The fact that petitioner was later entrapped receiving the ₱5,000.00 marked money, which
she thought was the cash replacement for the dishonored check, is of no moment. Stated
in Article 308 of the Revised Penal Code, "there is only one operative act of execution by
the actor involved in theft ─ the taking of personal property of another." Parsing through
the statutory definition of theft under Article 308, there is one apparent answer provided
in the language of the law — that theft is already "produced" upon the "tak[ing of] personal
property of another without the latter’s consent."
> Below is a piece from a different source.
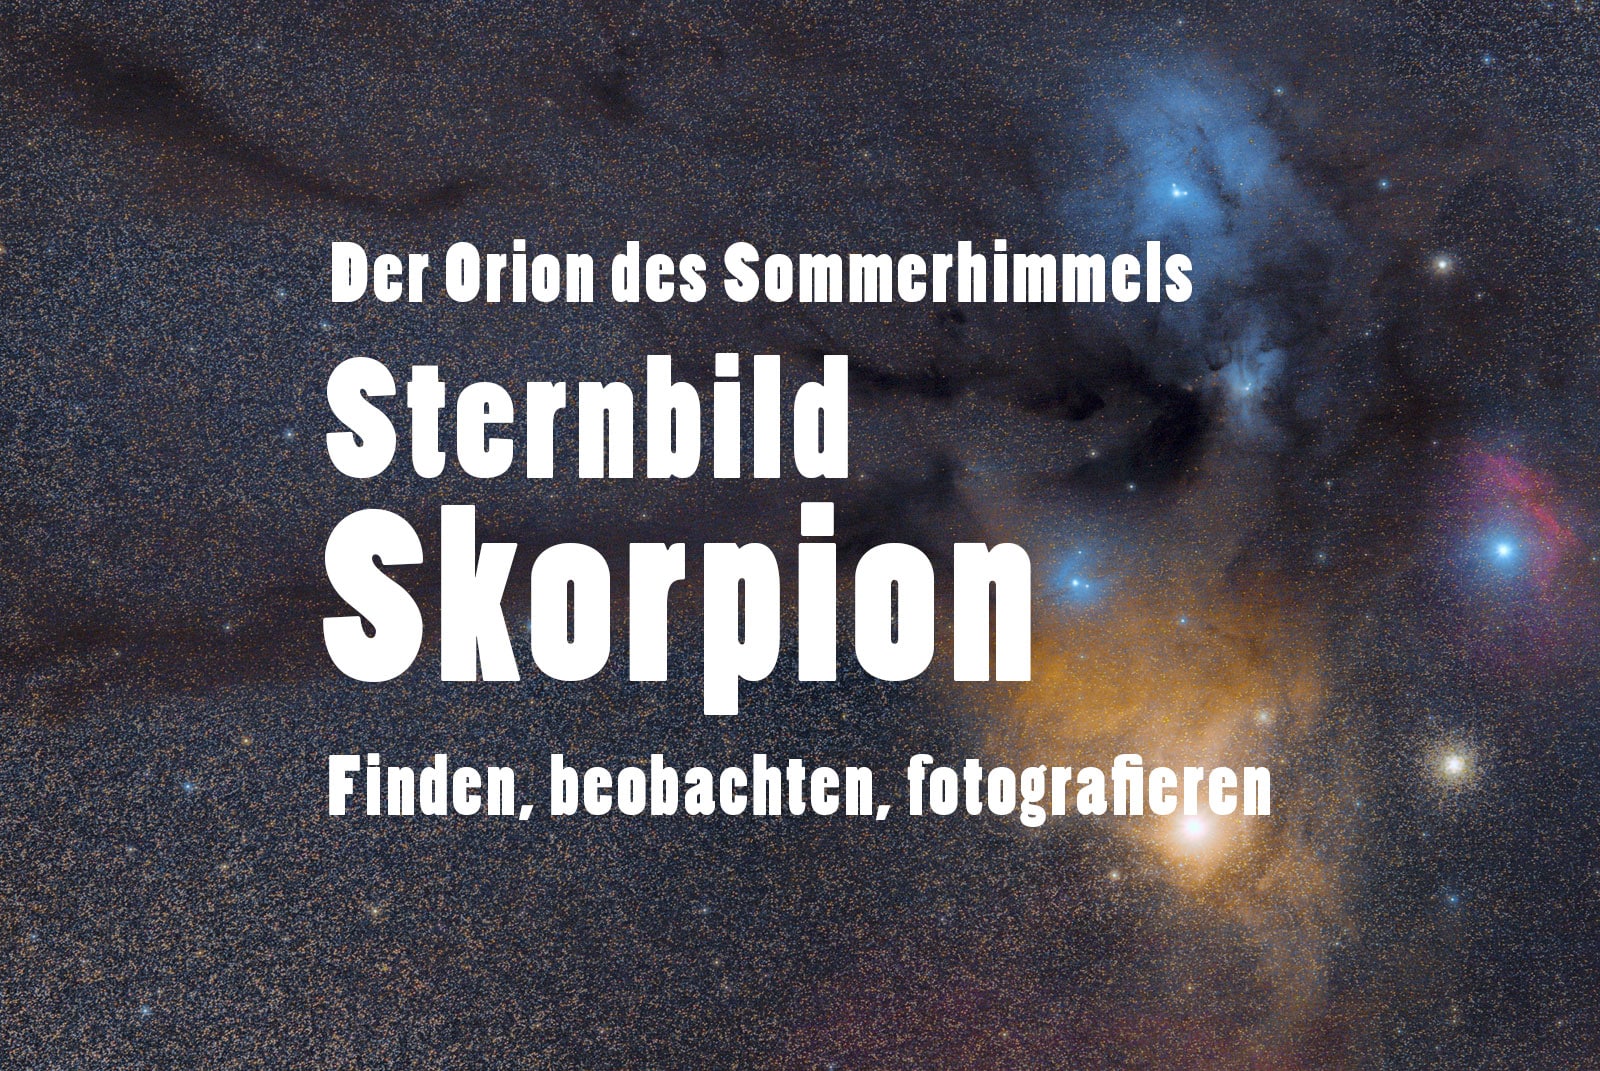 Sternbild Skorpion, Antares, Deep-Sky-Objekte und Nebel - finden, beobachten und fotografierenen - Anleitung, Tutorial, Tipps, TITELBILD

There would be all but certain unanimity in the position that theft is produced when there
is deprivation of personal property due to its taking by one with intent to gain. Viewed
from that perspective, it is immaterial to the product of the felony that the offender, once
having committed all the acts of execution for theft, is able or unable to freely dispose of
the property stolen since the deprivation from the owner alone has already ensued from
such acts of execution.
There can be no question that as of the time that petitioner took possession of the check
meant for Mega Foam, she had performed all the acts to consummate the crime of theft,
had it not been impossible of accomplishment in this case. The circumstance of petitioner
receiving the ₱5,000.00 cash as supposed replacement for the dishonored check was no
longer necessary for the consummation of the crime of qualified theft. Obviously, the plan
to convince Baby Aquino to give cash as replacement for the check was hatched only
after the check had been dishonored by the drawee bank. Since the crime of theft is not
a continuing offense, petitioner's act of receiving the cash replacement should not be
considered as a continuation of the theft. At most, the fact that petitioner was caught
receiving the marked money was merely corroborating evidence to strengthen proof of
her intent to gain.
Moreover, the fact that petitioner further planned to have the dishonored check replaced
with cash by its issuer is a different and separate fraudulent scheme. Unfortunately, since
said scheme was not included or covered by the allegations in the Information, the Court
cannot pronounce judgment on the accused; otherwise, it would violate the due process
clause of the Constitution. If at all, that fraudulent scheme could have been another
possible source of criminal liability.
The court granted the Petition and the Decision of the Court of Appeals, dated December
16, 2003, and its Resolution dated March 5, 2004, are MODIFIED. Petitioner Gemma T.
Jacinto was found GUILTY of an IMPOSSIBLE CRIME as defined and penalized in
Articles 4, paragraph 2, and 59 of the Revised Penal Code, respectively. Petitioner is
sentenced to suffer the penalty of six (6) months of arrresto mayor, and to pay the costs.